» Problem statement: Would you please return the lines of the entries below starting at the line that has "Hyundai brand new" and ending at the line that has "Moscow, Russia - December", both included, exactly as they are?

» Dataset content:
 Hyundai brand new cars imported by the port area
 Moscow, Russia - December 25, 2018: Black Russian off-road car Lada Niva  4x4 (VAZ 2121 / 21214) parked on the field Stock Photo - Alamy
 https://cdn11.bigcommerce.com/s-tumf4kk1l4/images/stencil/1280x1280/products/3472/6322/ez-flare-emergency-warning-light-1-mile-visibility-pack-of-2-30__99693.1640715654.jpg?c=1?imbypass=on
---
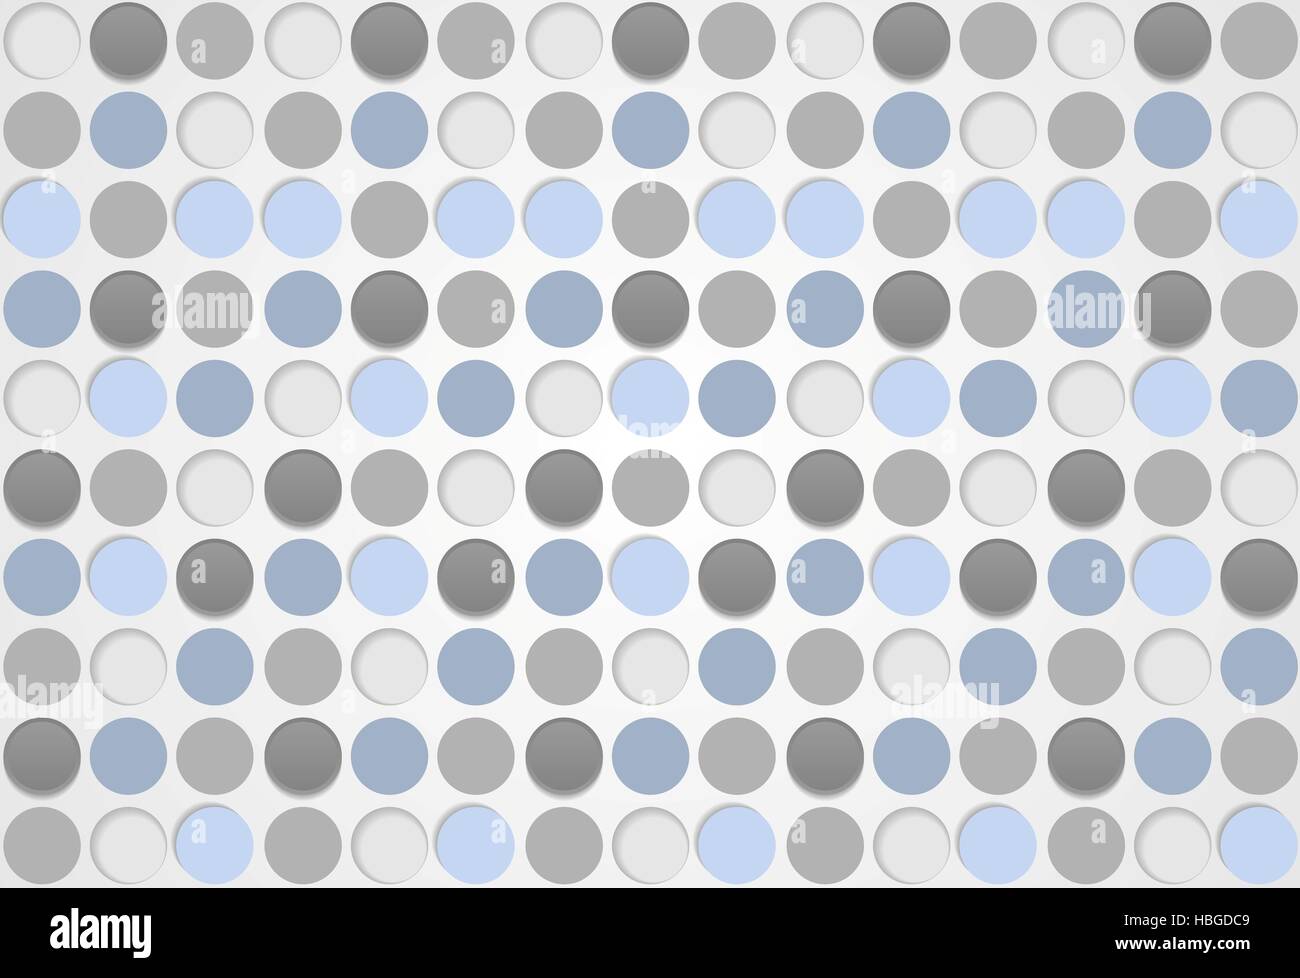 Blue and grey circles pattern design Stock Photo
...
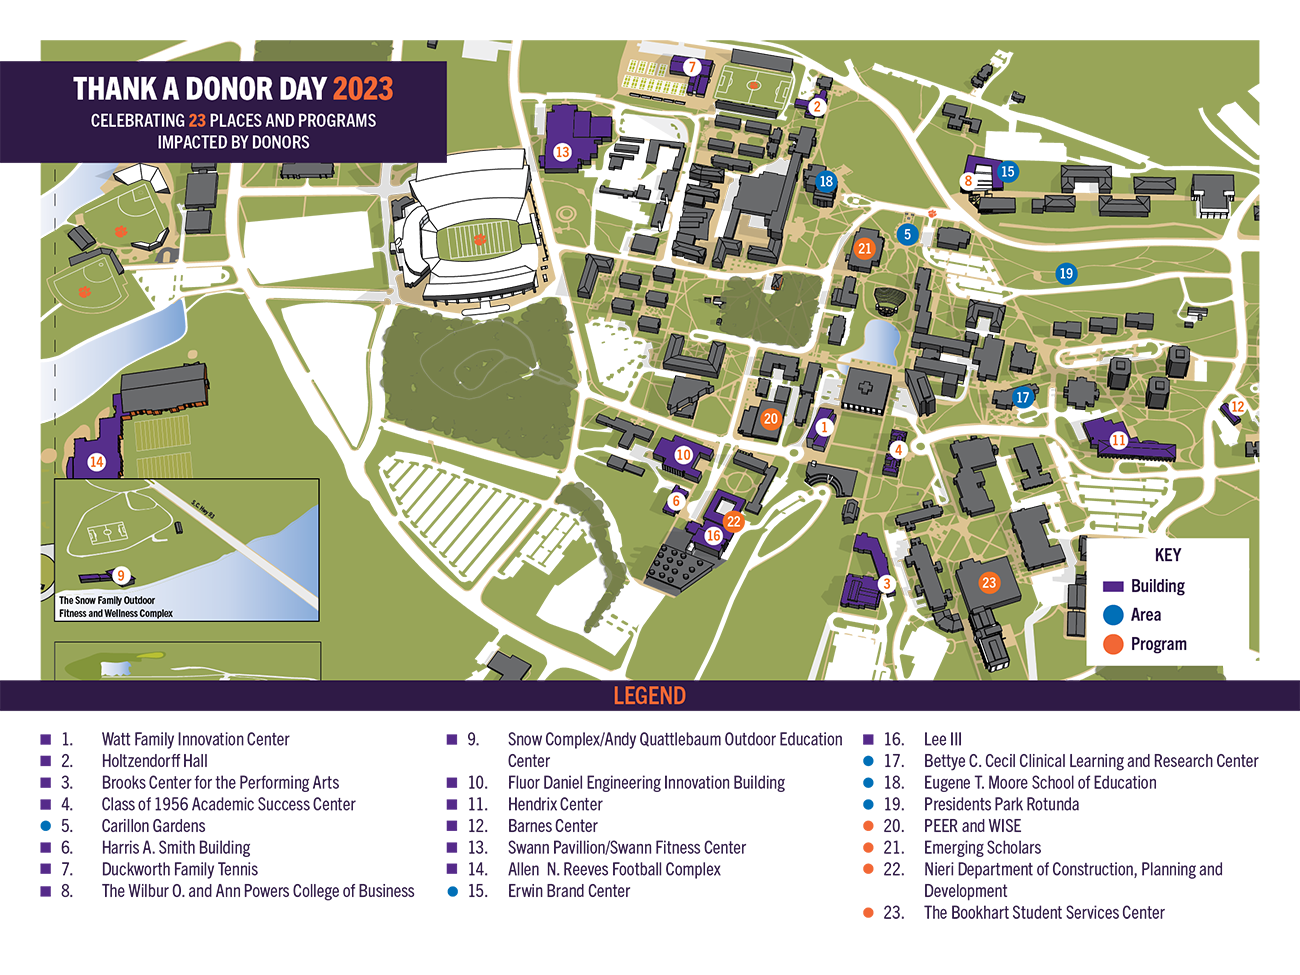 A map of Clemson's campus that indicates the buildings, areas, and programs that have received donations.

» Expected answer:
 Hyundai brand new cars imported by the port area
 Moscow, Russia - December 25, 2018: Black Russian off-road car Lada Niva  4x4 (VAZ 2121 / 21214) parked on the field Stock Photo - Alamy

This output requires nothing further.